The Financial Conduct Authority has published a warning to consumers considering applying for a self-certification mortgage from any lender trying to circumvent European mortgage regulation.
A statement published on the regulator’s website this morning said: “In light of recent media coverage about a firm outside the UK relying on the European Electronic Commerce Directive to provide mortgages to customers in the UK without the protections offered by the UK’s mortgage regime, we are telling consumers about what this means for them.
“Previously, when consumers took out a self-certified mortgage they self-certified that the income stated in their mortgage application was true.
“Because of the harm caused to consumers in the past, this is no longer permitted in the UK and firms must check a customer can afford a mortgage, including verifying their income in every case.
“From 21 March 2016, all firms offering mortgages in the UK (including EEA firms) will have to comply with the Mortgage Credit Directive, which requires a thorough affordability assessment based on information that has been verified by the lender.”
Borrowers who take out a mortgage offered from outside the UK under the ECD will lose UK consumer protection benefits such as the right to refer complaints to the UK’s Financial Ombudsman Service and to be treated fairly when facing payment difficulties.
Under the ECD, firms can only contact customers online, not by telephone or post. This means borrowers will not be able to speak to the firm about their mortgage arrangements.
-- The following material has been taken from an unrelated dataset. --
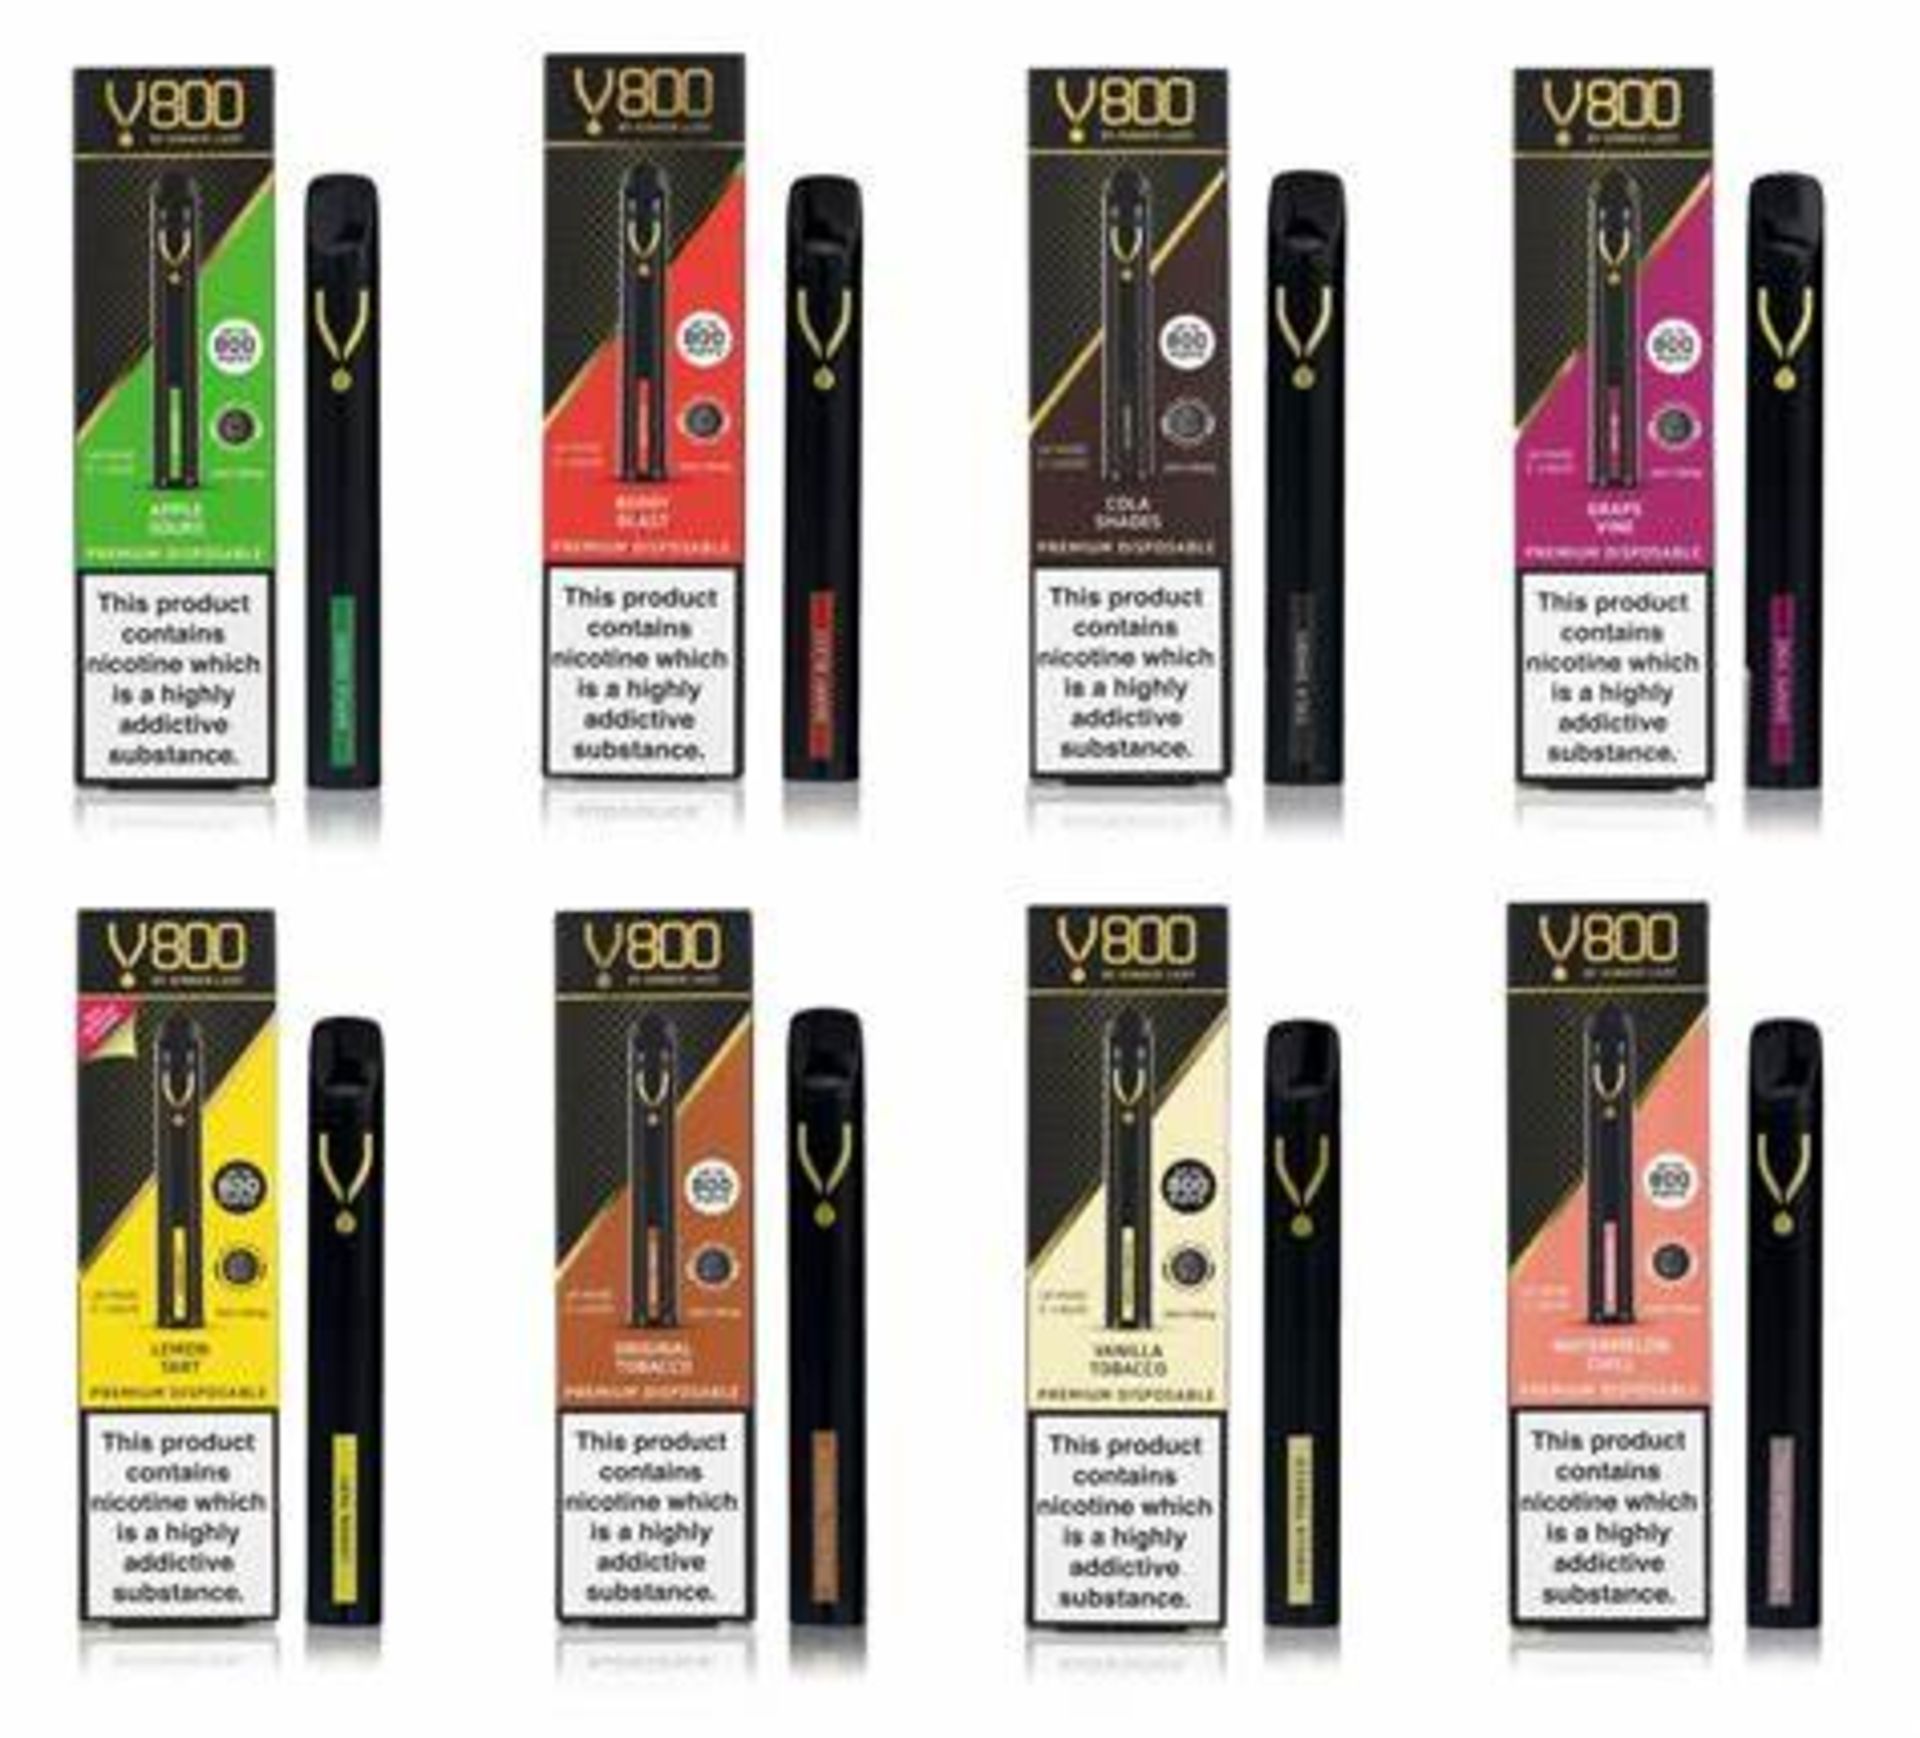 JOB LOT OF 2440 DINNER LADY DISPOSABLE VAPES - RRP APPROX £14,600 - SEE DESCRIPTION FOR FLAVOURS

The FCA’s statement adds: “Firms providing on-line services from an establishment in an EEA State other than the UK under the ECD have to comply with the law of that state, rather than with UK regulatory law.
“If anything goes wrong, the responsibility is with the other EEA State’s authorities.
“Even if a regulated mortgage adviser in the UK recommends such a mortgage, you will not be able to get compensation from that adviser if it turns out you cannot afford the mortgage payments. This is because the adviser is not responsible for assessing affordability.”
The regulator has advised consumers to “find a regulated mortgage adviser who can give you advice on mortgage products from a wide range of lenders including those regulated in the UK”.
It adds: “If you are still considering using a firm based outside the UK, find out what protections you will have if things go wrong.
“Ask for a copy of the mortgage terms and conditions.
“Ask for the contact details of the firm’s regulator.
“Find out how the firm will deal with borrowers who fall into arrears, plus details of fees and charges.
“Remember you will not be protected by UK regulation if things go wrong, and you could lose your home if you cannot afford your mortgage payments.”
The statement comes a week after selfcert.co.uk was forced to close its doors to new applications for three months after a flood of enquiries in the lender’s first week overwhelmed staff and crashed its website.
The lender, which is based in the Czech Republic to allow it to circumvent Financial Conduct Authority rules that banned self-certification mortgages several years ago, said “a severe backlog” of interest meant it couldn’t keep up with demand.
It launched on Monday last week and by Tuesday had seen 4,000 potential borrowers register interest.
The site said: “We have ceased taking new applications until further notice, this will be at least three months.
“We are currently working through a severe backlog of people that have registered an interest in these products.
“Although we started on Monday 18 of January people have been contacting us since reports of the products returning first appeared in November 2015.”